With Podman multiple containers are much more complicated and I would really recommend using Docker instead. But if you are running Podman you now know how to set it up and how the different parts glue together.

I would be very interested to understand in which type of scenario you are using multiple containers on one server.

We are using a Docker compose stack with 5 servers for automation testing. All the tests are running on one Redhat Enterprise 9 VM with multiple containers almost like a lightweight VM.

But in production I would not see many use cases where you would run multiple Domino servers on the same host.

rowlk commented 2 months ago

Hi Daniel yes agreed Quadlets are not applicable here as the service is simply running the common script.

Everything is now migrated to the new host, I have just used separate service files for each domino instance with DOMINO_CFG_DIR defined so it is now running as intended rather than by accident.

In this case we have several small customers for whom we host their domino services. These are very low resource workloads so having them on one host just makes sense for us. They were originally set up using the old domino hosted orgs which was dropped (v10 or v11 can't quite recall) but the containerised deployment is far better anyway.

We also have instances where customers used to have partitioned servers which we would now just set up with separate containers on one host. Again these are pretty low resource workloads.
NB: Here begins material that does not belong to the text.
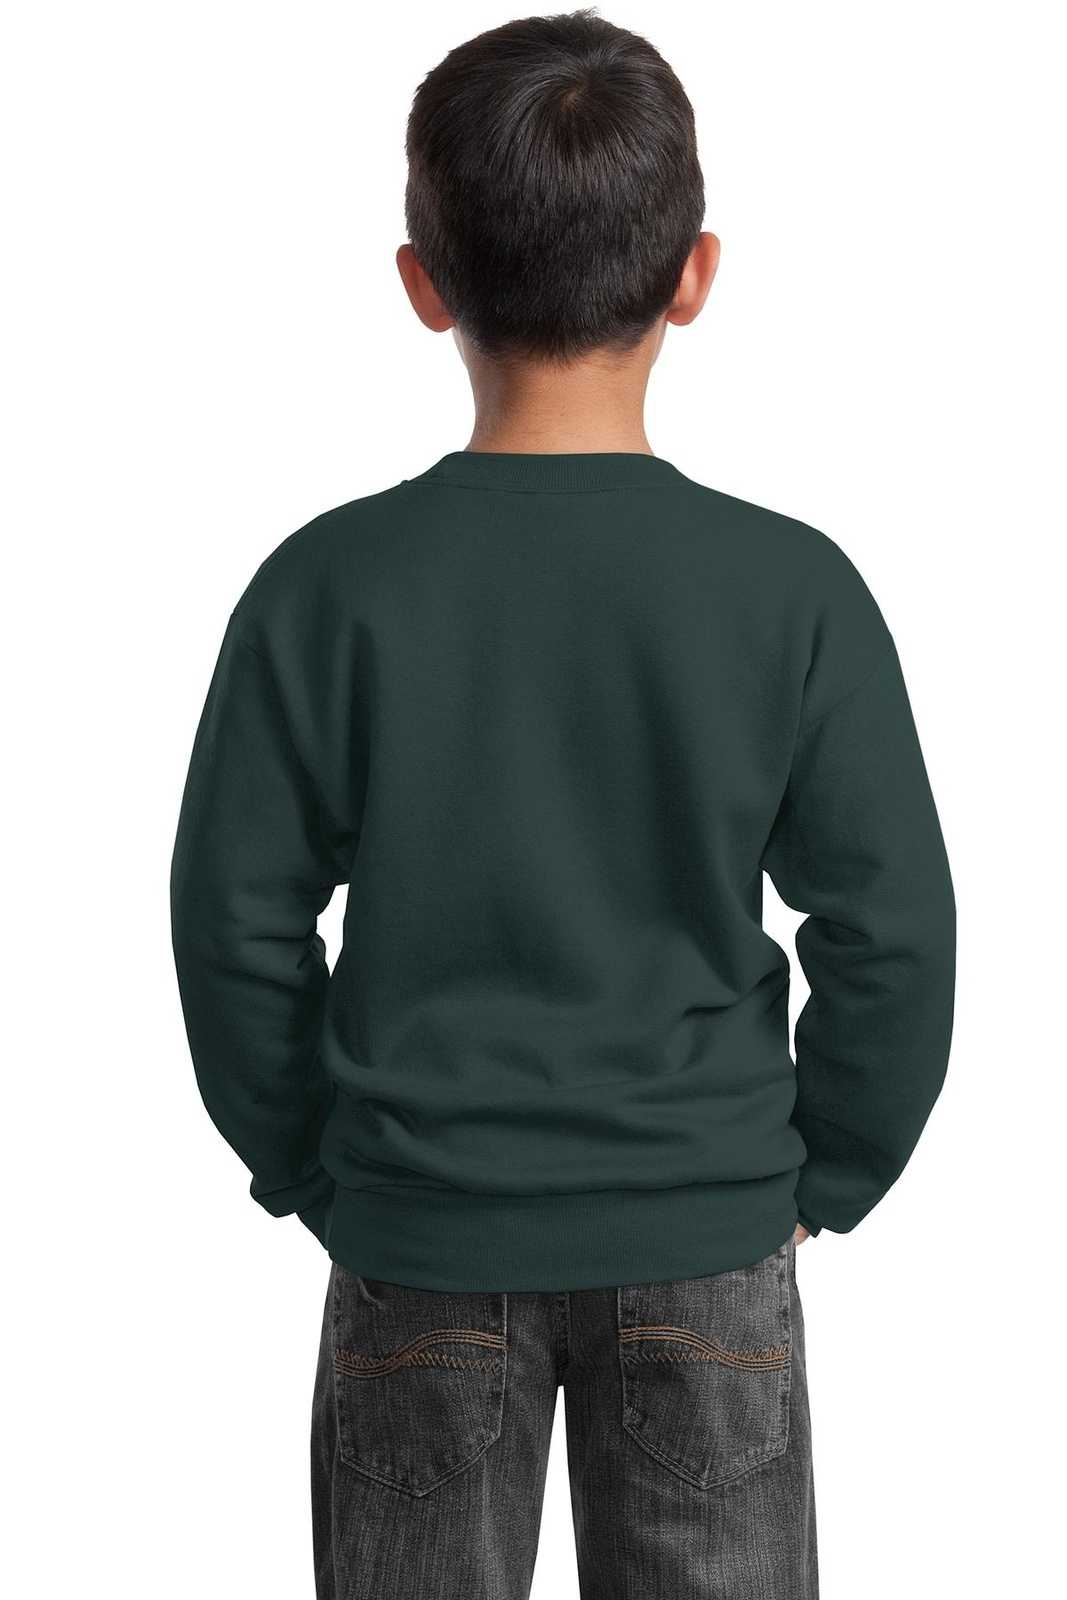 Port &amp; Company PC90Y Youth Core Fleece Crewneck Sweatshirt - Dark Green - HIT a Double - 2

We have one example internally where we have three containerised servers we use for managing our template development - testing - deployment cycle. They could be on separate hosts but really don't need to be.

Larger heavy load servers are all on dedicated hosts all I believe are still running native although I am very tempted to containerise, the upgrade path sells it alone being so quick and easy.

I suppose in summary multi domino per host is useful where you perhaps want or need to separate the services being hosted but overall are not resource hungry.

Daniel-Nashed commented 2 months ago

Thanks, this clarifies your needs. Makes sense this way and is just a bit more complicated with Podman. Thanks also for confirming the DOMINO_CFG_DIR approach works for you.

My production servers are a mix of Podman and Docker but just one instance. But I run a lot of really wild configurations for testing. Some of them I don't even dare to mention anywhere...

I also test with many different container base images.

What type of VMs are you using? I hope not VMware..

Here is something I looked into for optimized infrastructure. But depending where you host, you just get a KVM based VM which you can use with multiple containers. Containers are a perfect fit for smaller Domino servers!

Great this works for you and you find it useful and more glad that we solved your issue.